DATA EXCERPT —

◇ ◇ ◇ ◇ ◇

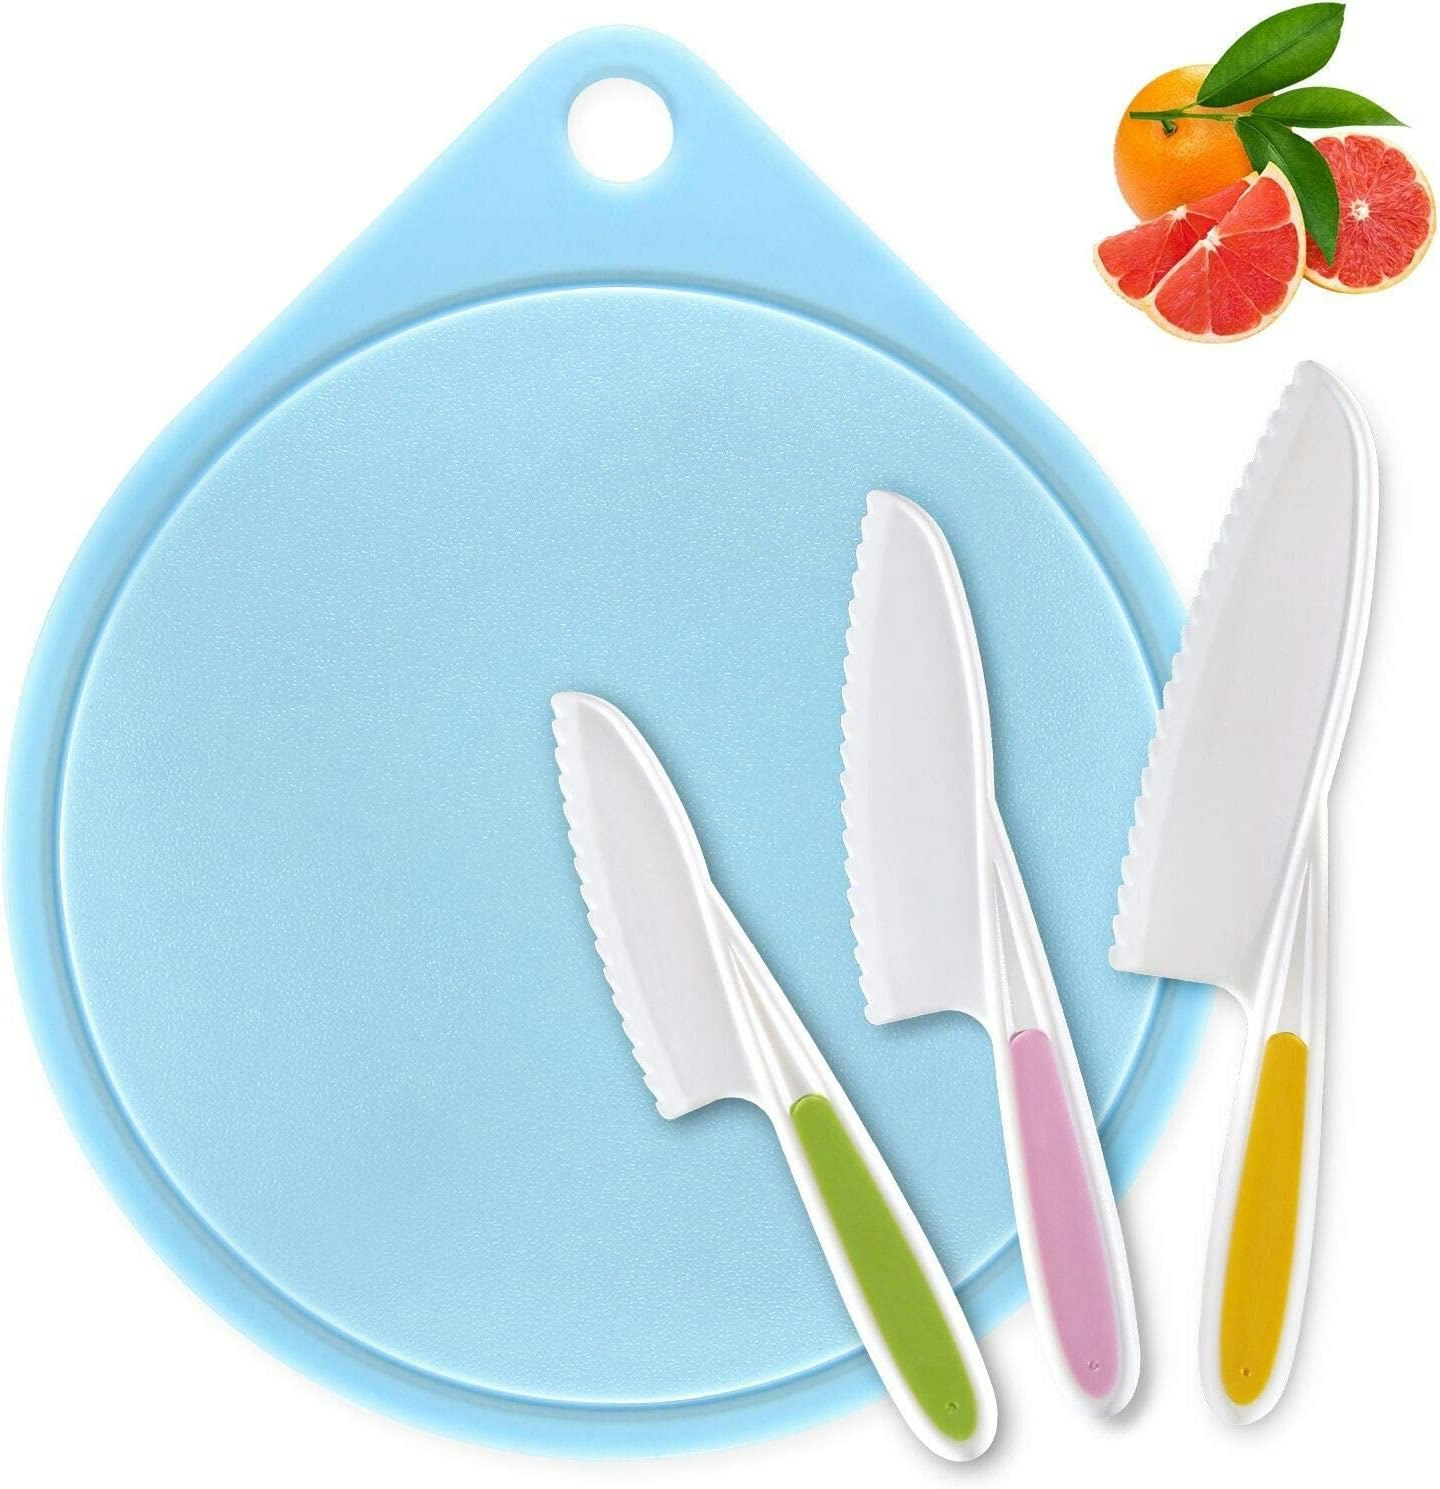 Tovla Jr. Kids Kitchen 3 Knife & Foldable Cutting Board Set Blue
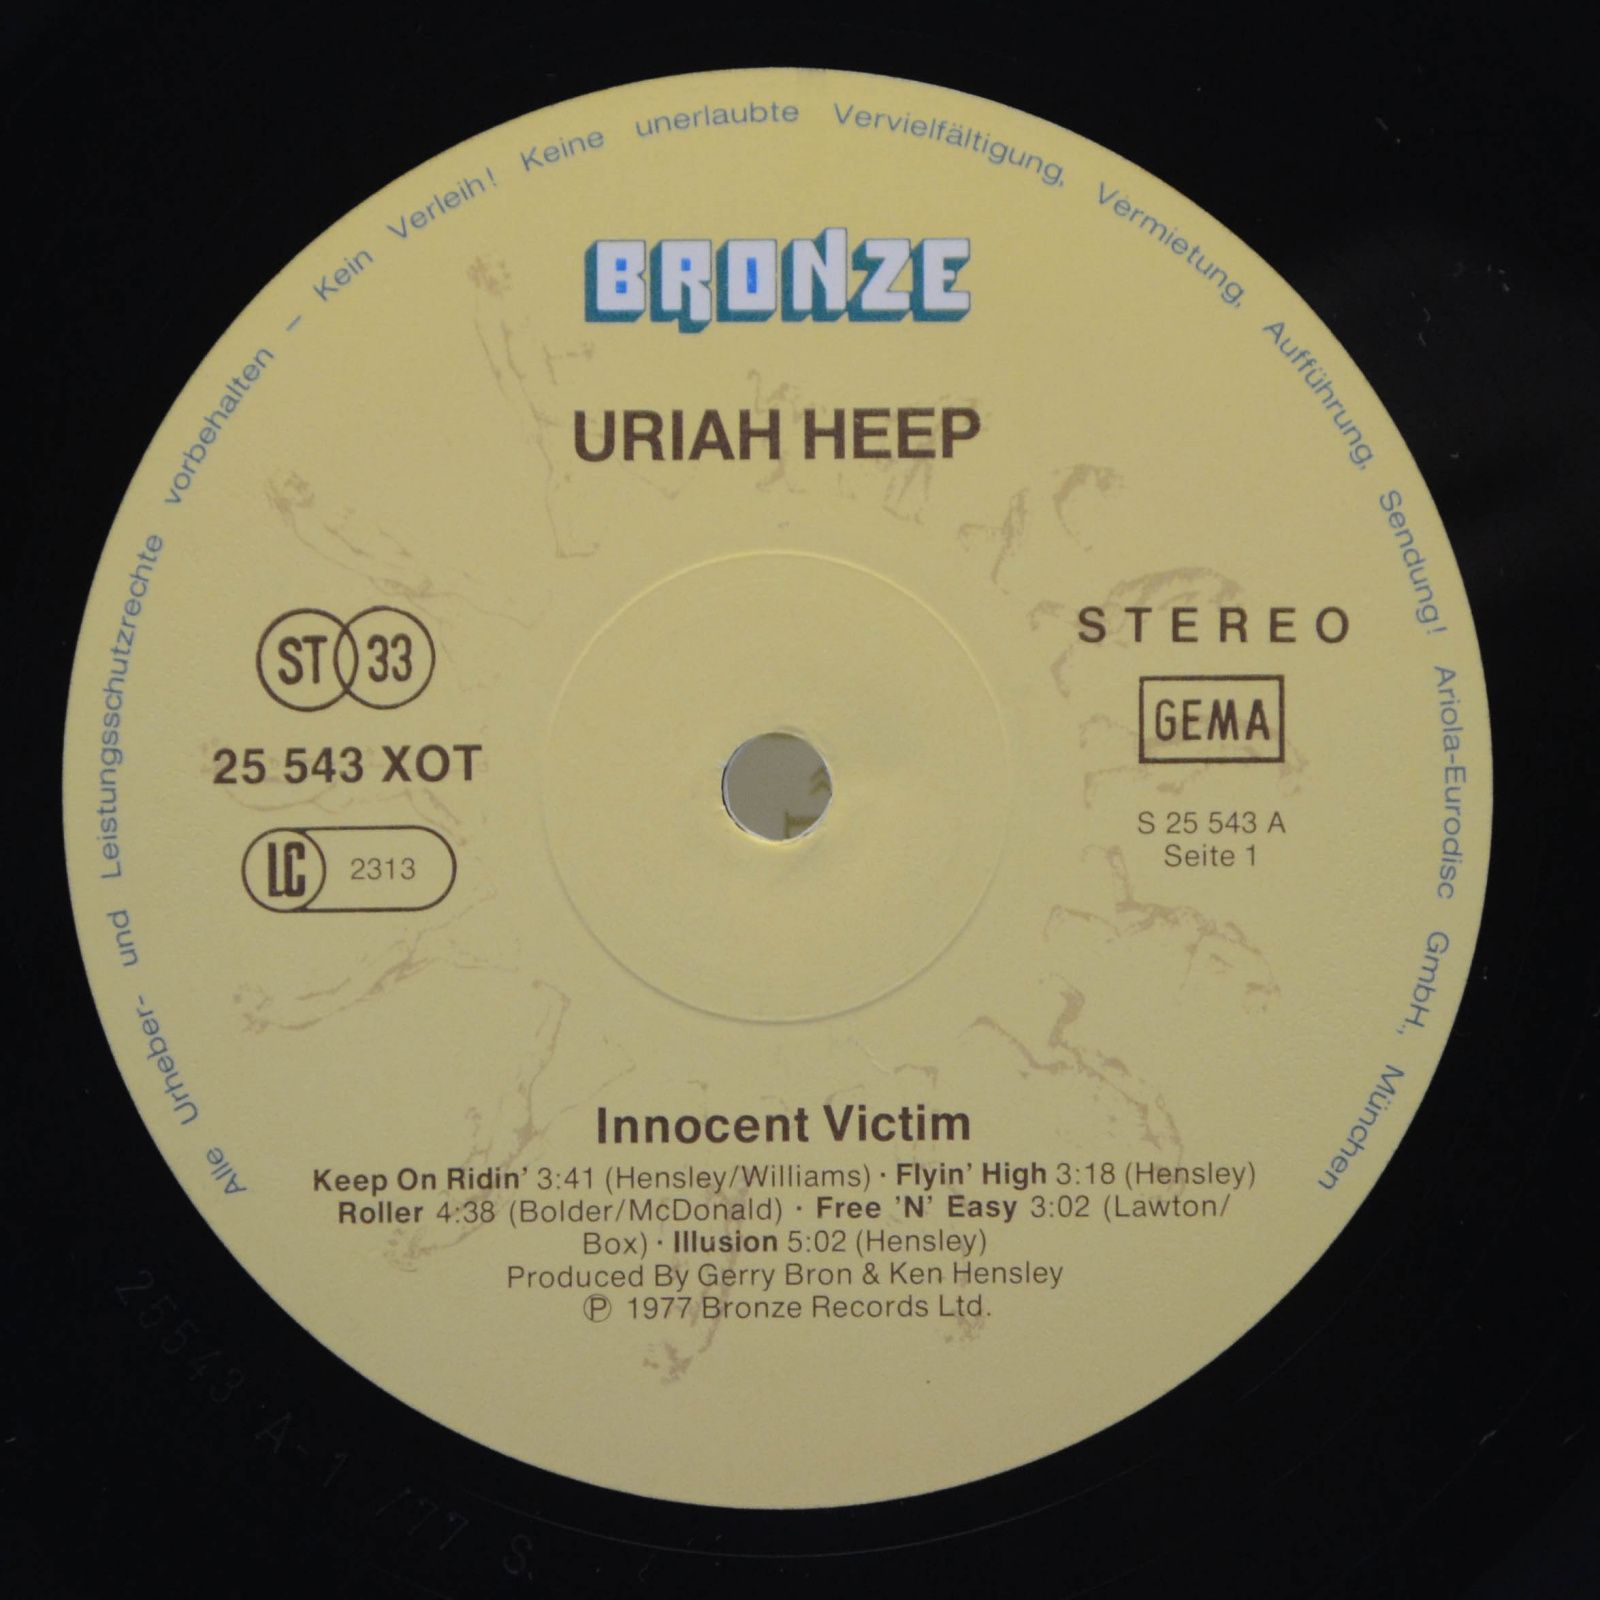 Uriah Heep — Innocent Victim, 1977
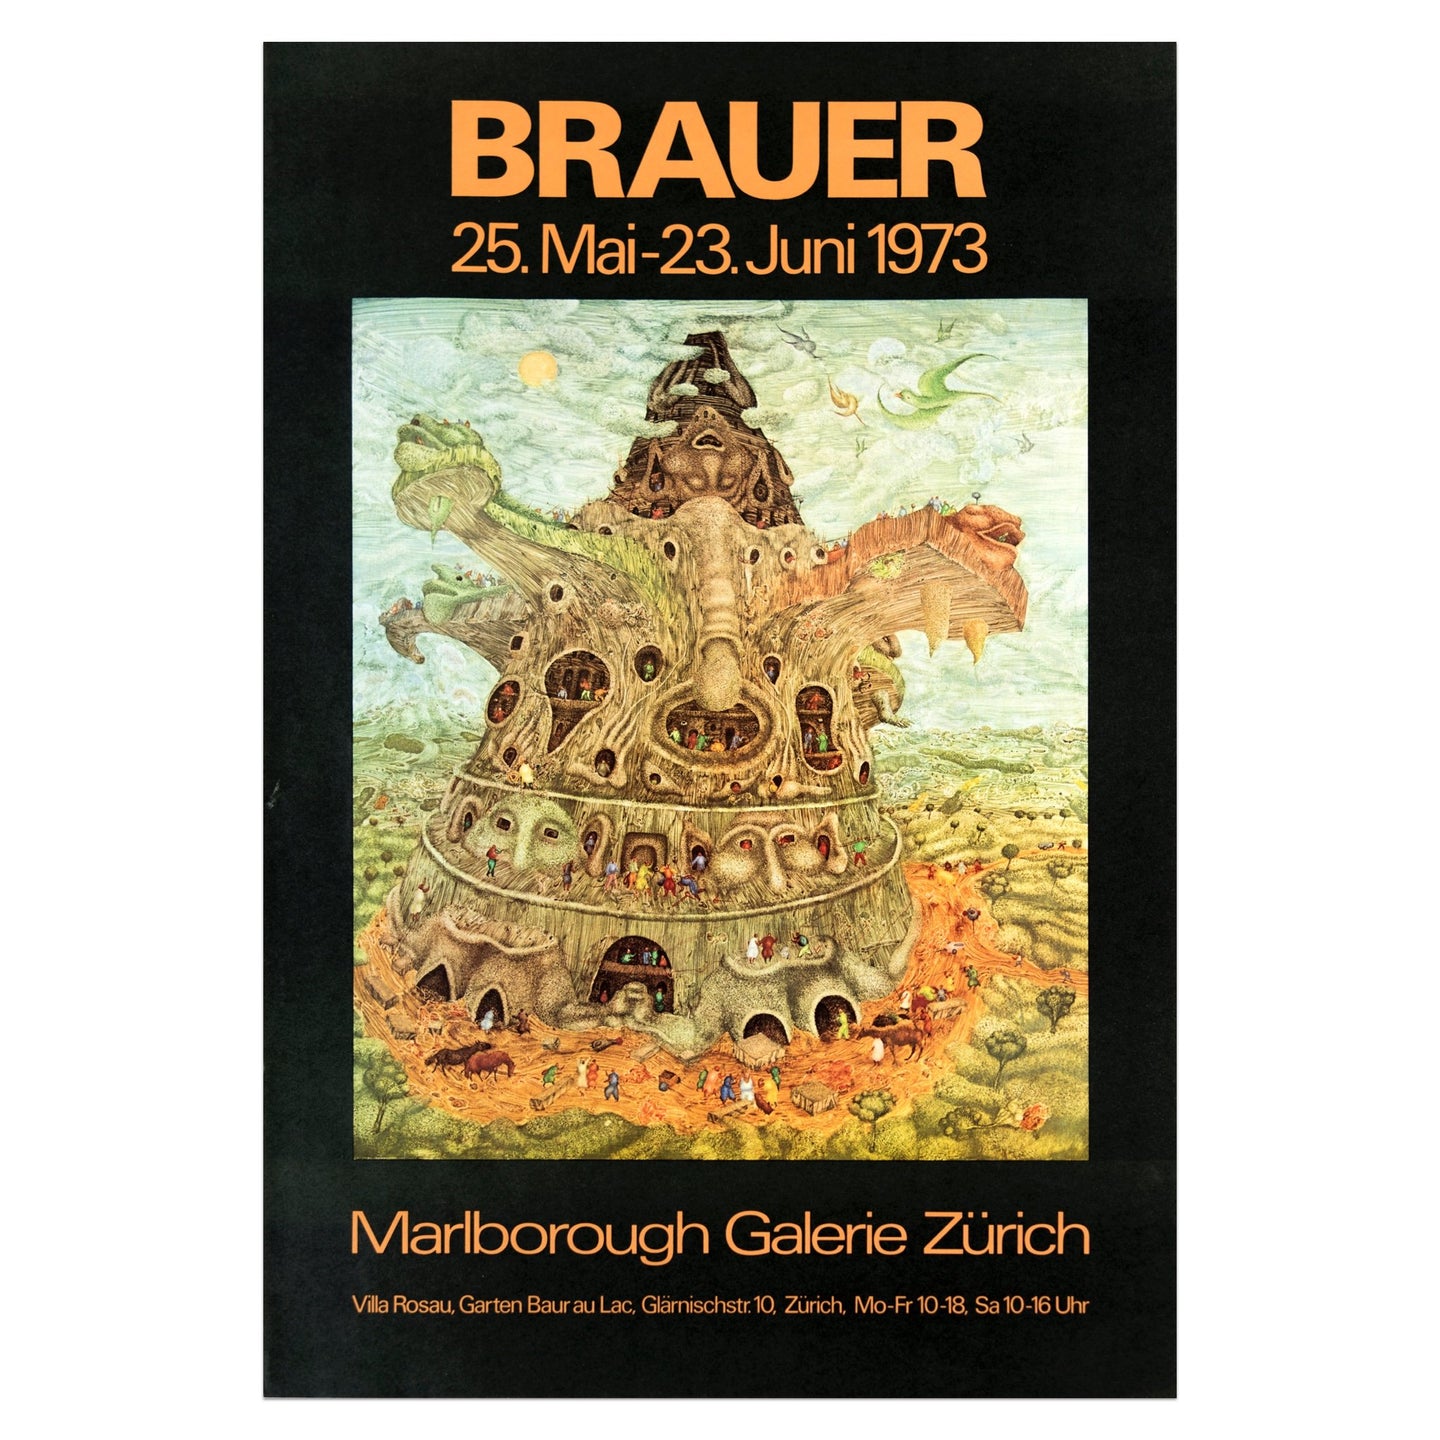 1973 Arik Brauer black and orange poster featuring a surreal landscape scene

◇ ◇ ◇ ◇ ◇

TASK STATEMENT — Produce an exact copy of every line above, with the images left out.

REPLY —
 Tovla Jr. Kids Kitchen 3 Knife & Foldable Cutting Board Set Blue
 Uriah Heep — Innocent Victim, 1977
 1973 Arik Brauer black and orange poster featuring a surreal landscape scene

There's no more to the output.